Architecture students in the sacred space concentration had a unique chance to receive feedback from one of the world’s leading architects this fall.
Daniel Libeskind, architect of the World Trade Center master plan and the Jewish Museum in Berlin, spent several days on campus working directly with students as the 2019 Walton Critic and delivering a lecture as part of the school’s fall lecture series. In 2009, the Polish-American architect received the Incontro Con Gli Artisti award from Pope Benedict XVI, a special recognition for expressing faith through art.
“Without exaggeration, this is a once-in-a-lifetime opportunity for a student,” said Julio Bermudez, professor and director of the Cultural Studies and Sacred Space program. “Libeskind is one of the most recognized architects in the world today.”
As part of Libeskind’s visit, Bermudez’s students were asked to engage in “architectural meditation.” They reviewed specific pieces of art, poetry, and music, and prepared drawings, designs, and models to reflect the intersections and relationships they discovered. They had two days to prepare for a design charrette where they presented their meditations to Libeskind.
“Some people spend all their lives in this profession and never have an opportunity like this,” said graduate student Cesar Chirinos-Garcia.
After Chirinos-Garcia and his partner presented, Libeskind told the students, “I’m always interested in the gap between your words and the design object. In architecture, you’re not there to explain it. Architecture is just ... in space and it’s public. There’s no one to say something about what it is.”
Throughout his feedback, Libeskind called on concepts from philosophy and theology and invited the students to reflect on how they related to their “creations” in architecture. “You are making something,” he said. “Make it the best possible model.”
“Where I only see mist, he sees it built,” said Chirinos-Garcia. Libeskind told him after his presentation that he could see the building that is coming, and encouraged the student to look for architectural masters to study.
Although Chirinos-Garcia referred to working with Libeskind as a “gift” and a “blessing,” he was not particularly intimidated by the industry leader. “I felt invited to share my experiences and my views with another human being as interested in knowledge as I am,” he said. Thanks to the guidance of Professor Bermudez ahead of the design charrette, Chirinos-Garcia said he felt prepared for the visit.
Bermudez says he was able to convince the architect to visit campus because of the track record of prior Walton Critics — Alberto Campo Baeza, Juhani Pallasmaa, and Eliana Bormida — and the emphasis on meaning and spirituality in the program.

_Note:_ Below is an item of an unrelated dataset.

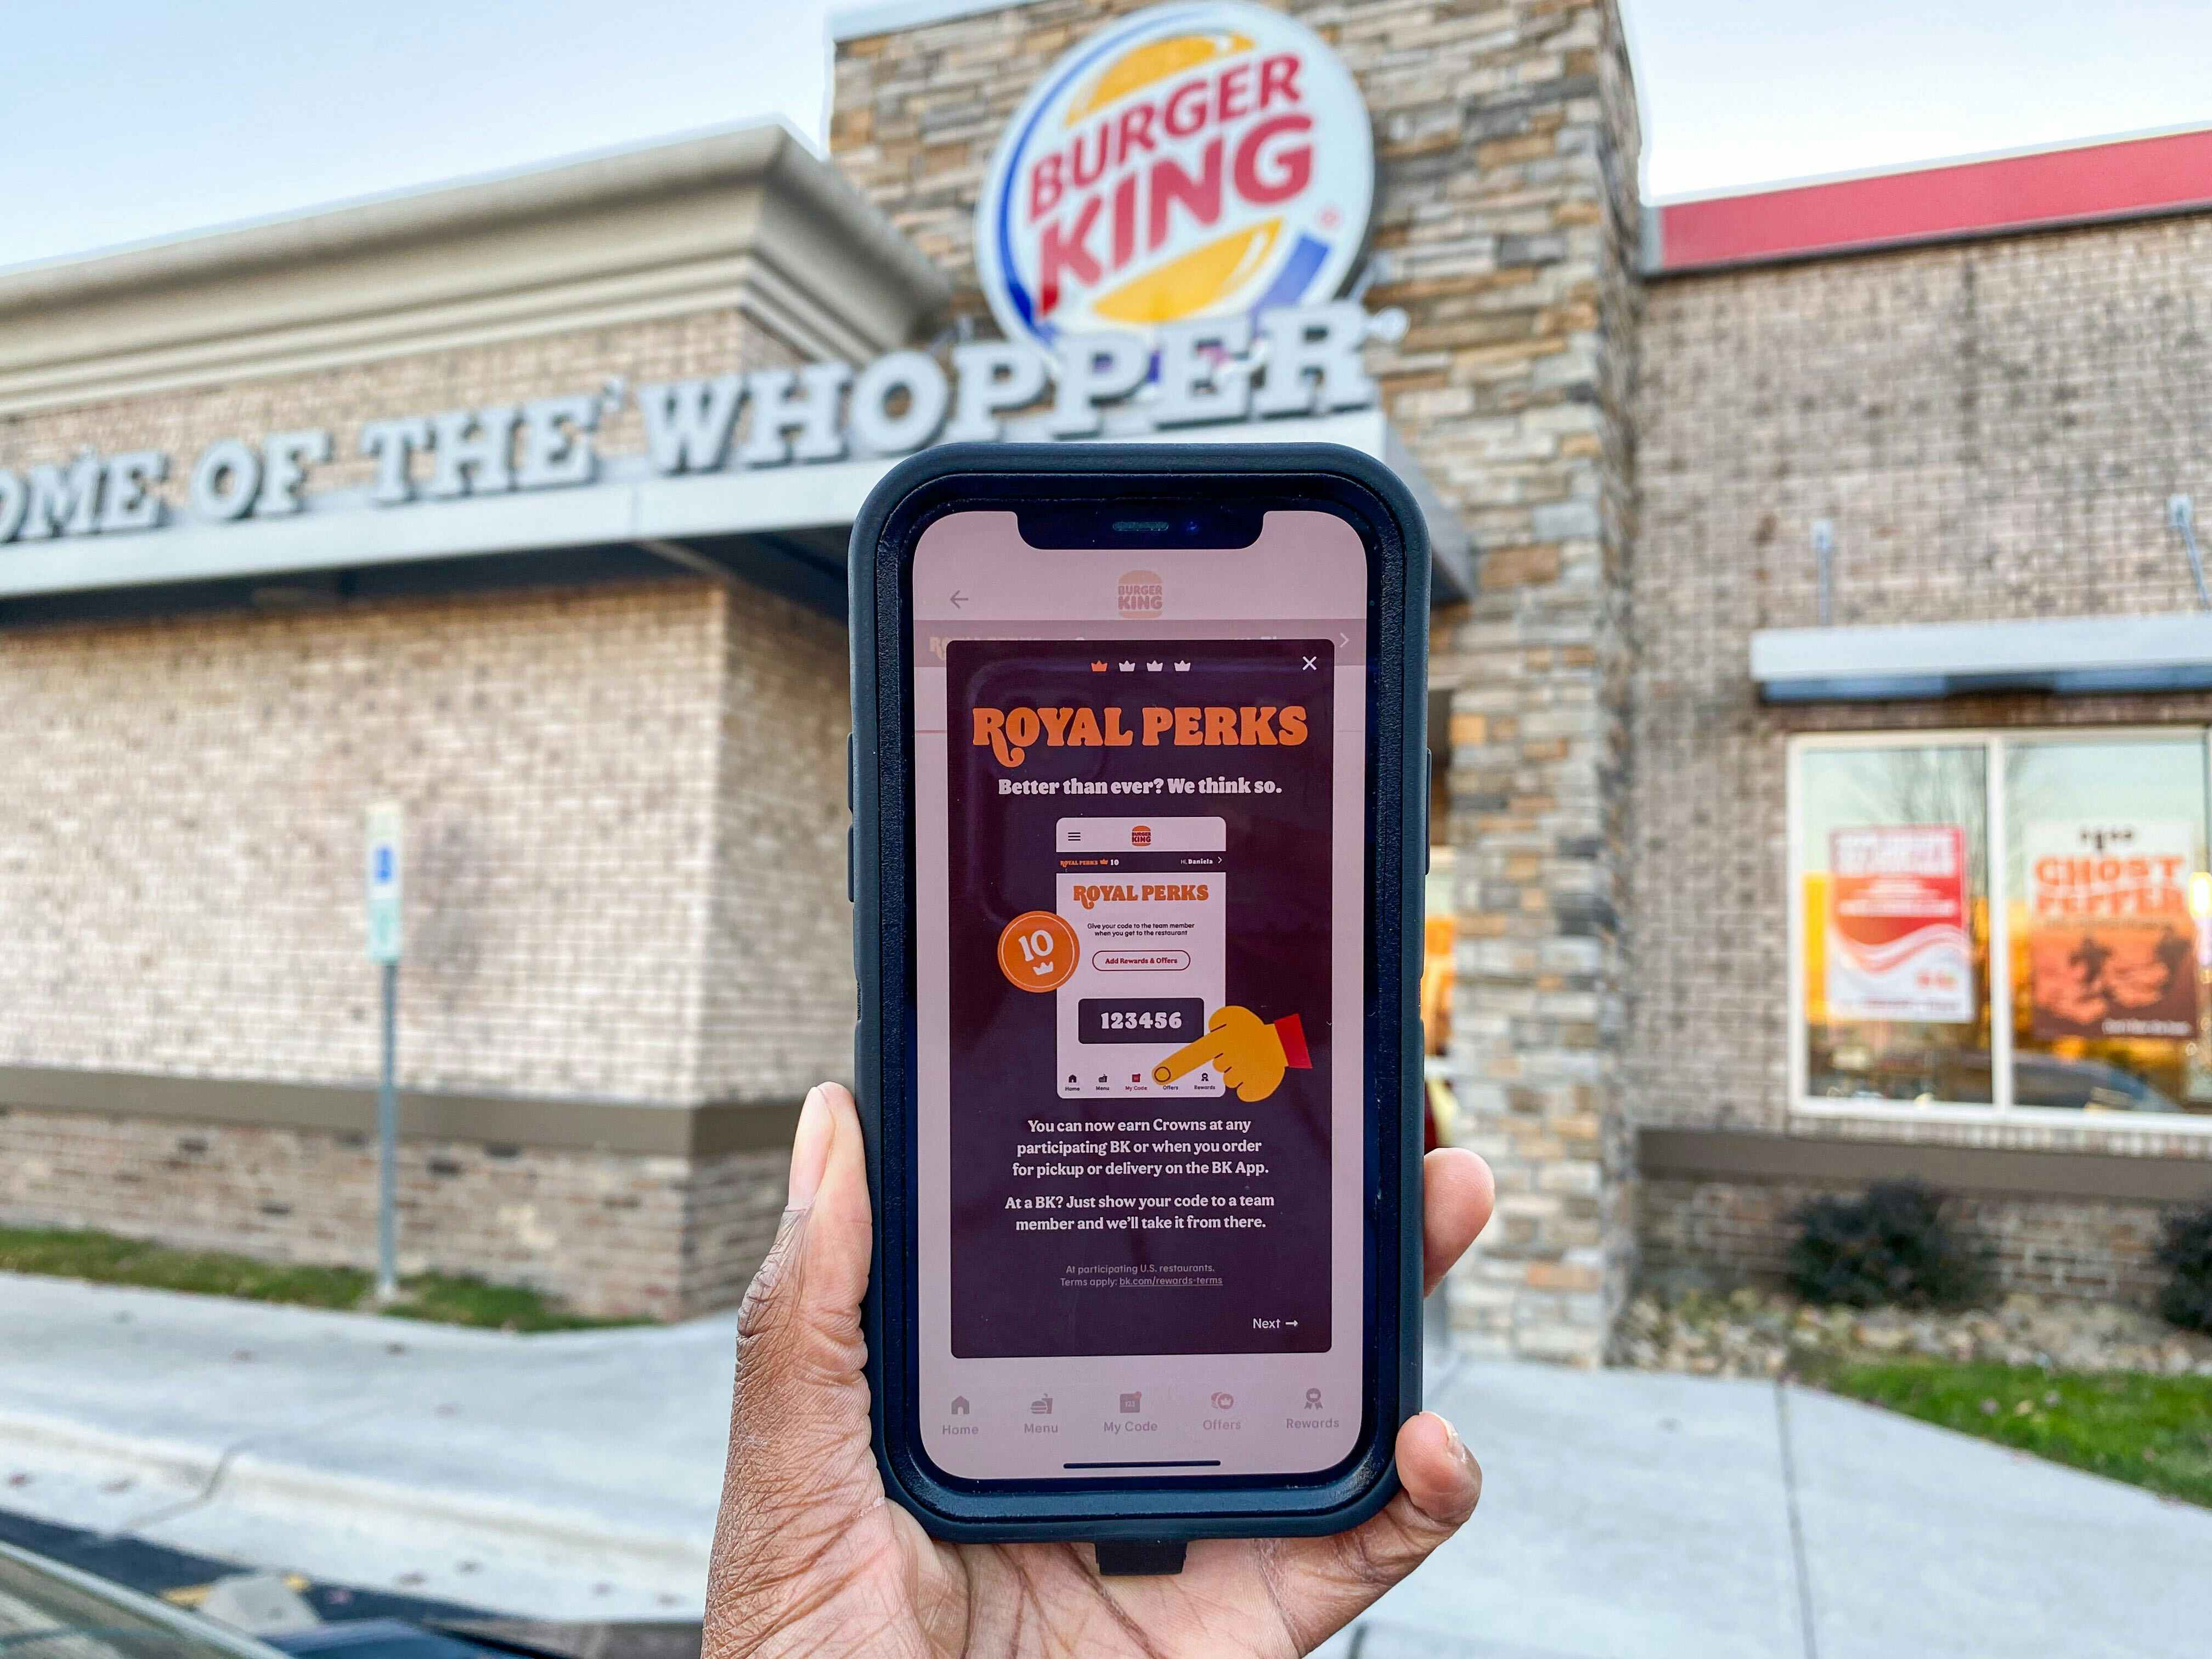 A cell phone displaying the Burger King Royal Perks app being held up in front of a Burger King restaurant storefront.

Working so closely with renowned practitioners is only available at some Ivy League schools, Bermudez says. But he believes the way the program addresses human flourishing as it relates to culture and spirituality “is truly unique to Catholic University.”
“With Libeskind, I learned that an architect must have freedom to explore every single form in the infinite repository of the subconscious, but the real challenge resides in being able to express it in the correct architectural language; one that being faithful to the initial vision, respects the order and rules of architecture,” Chirinos-Garcia said. “That is hard to achieve, and great discipline and work must be employed to that end.”